Thursday, April 16, 2015

Against the Wind

Dear Tom,

You have had more than your share of undeserved heartache, and this little gift may not ease your pain. Our friendship goes back a long way – back to Bob Seger’s early days. You and I listened to so much Seger together over the years that I still think of you when he comes on the radio.

So to give you to something to grab onto, I enlist Seger’s help with this letter. Every sentence or phrase within quotations is from one of his songs (but, of course, you would recognize them “without any clues”).  I admit it might be a strange way to reach out to a friend. “Call me a relic, call me what you will, say I’m old–fashioned, say I’m over–the–hill. I reminisce about the days of old with that old time rock and roll.”

“It seems like yesterday, but it was long ago.” You and I used to walk or run to school together. “We were young and strong, we were running against the wind.” “I was a little too tall, could’ve used a few pounds.” You were “like a rock, standing arrow straight.”

Growing up where we did, when we did, gave us cause and opportunity to create our own adventures, whether it was “a church house, gin house, school house, outhouse.”
 “We were just young restless and bored, living by the sword.” “And the years rolled slowly past.”

We remained friends through school, often mixing our time together with a bunch of other guys. “Sometimes at night, I see their faces; I feel the traces they’ve left on my soul. Those are the memories that make me a wealthy soul.” “And sometimes when I’m feeling lonely and beat I drift back in time, and I find my feet down on Main Street.”

We would “go in town on Friday, be in church every Sunday.” I “keep thinking back to those high school days; those high school days, all the wild, wild, wild good times.” “Such a fine memory, I think I’m going take it with me.”

Then before we knew it, “sweet sixteen turned thirty–one. You get to feeling weary when the work day’s done.” Family, work and adult–hood settled in, and I asked myself, “Twenty years now where’d they go? Twenty years I don’t know. Sit and I wonder sometimes where they’ve gone. And sometimes late at night when I’m bathed in the firelight the moon comes calling a ghostly white and I recall.”

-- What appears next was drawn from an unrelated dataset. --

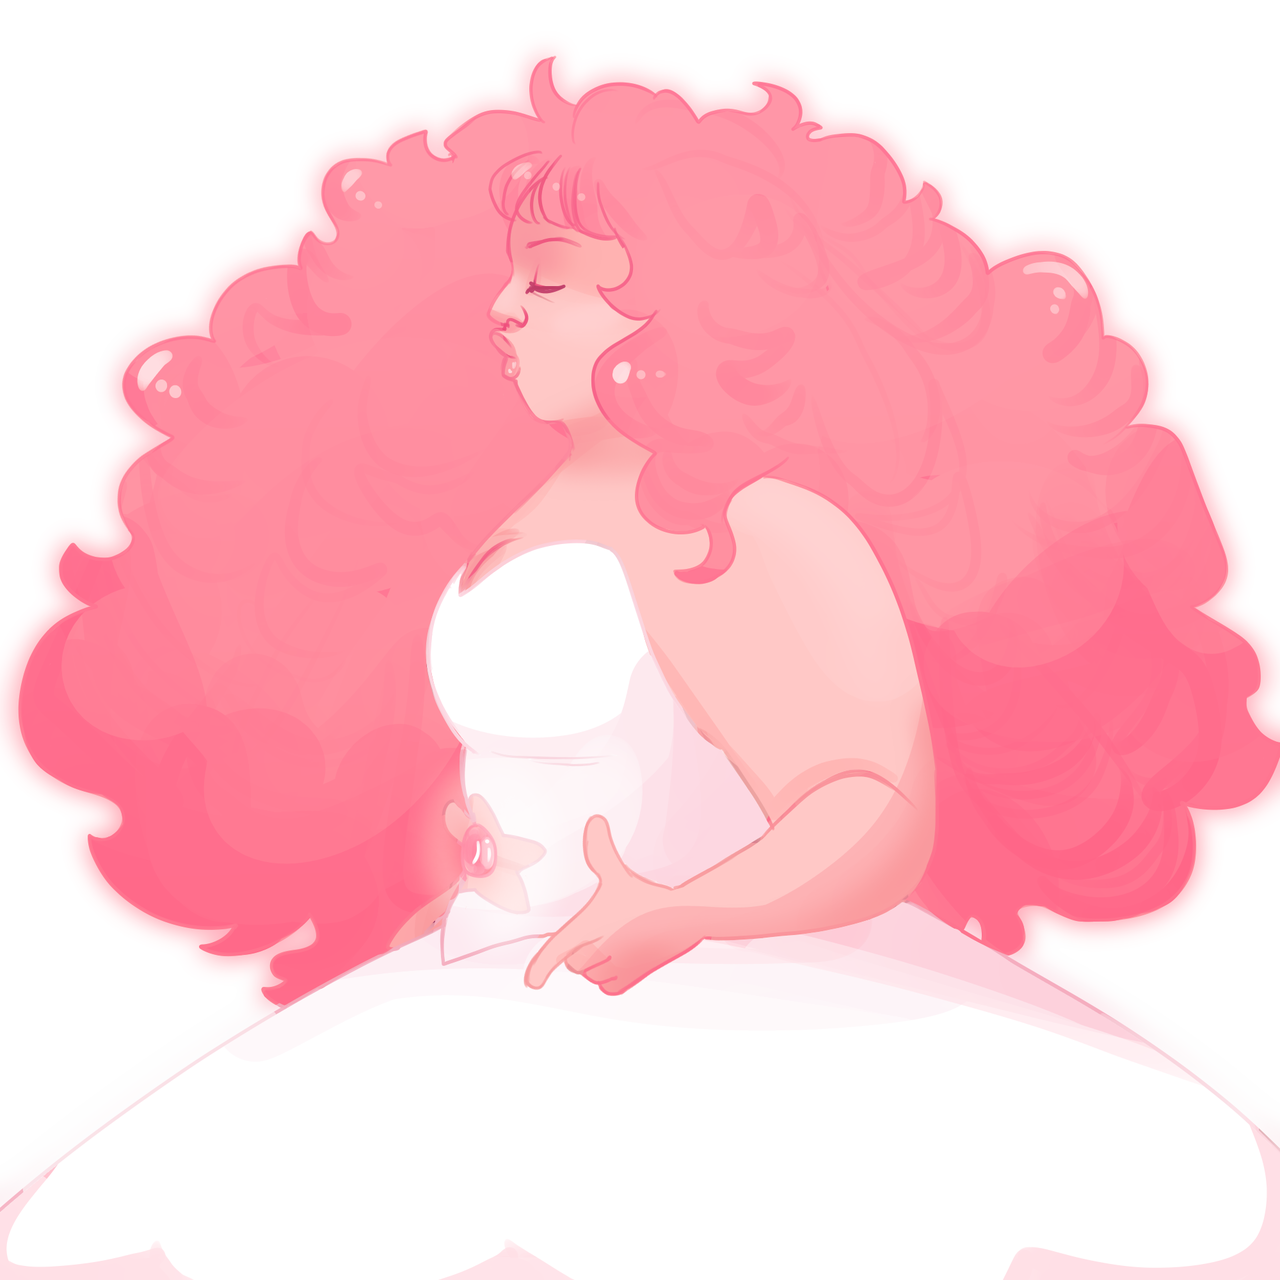 pink lady….. yeehaw 💞💖💕💓💖💕💞💝💞💕💗

“Now whatever happened to that crazy boy?” I grew up I guess, but I never forgot you, not even for a minute. “So you’re a little bit older and a lot less bolder than you used to be.” Still, you are a good man Tom, “always willing to be second best, a perfect lodger, a perfect guest.”

And, like me, you want “to dream like a young man with the wisdom of an old man.” You want “your home and security.” I know the pain is there, but soon you will “turn the page.”

For now, “think in terms of bridges burned, think of seasons that must end, see the rivers rise and fall; they will rise and fall again. Everything must have an end.” I know you’d love to say, “Deal me another future from some brand new deck of cards.”
Remember that even though the “night was dark, the sky was blue.” It will get better.

“Ain’t it funny how the night moves when you just don’t seem to have as much to lose?”
“I’m older, but still running against the wind.” Even though “I’ve got so much more to think about: deadlines and commitments, what to leave in, what to leave out,” I will never stop being your friend.

Happy birthday Tom!

Jerry




1 comment:

  1. I love it. Much thought and heart was put into this. Just awesome!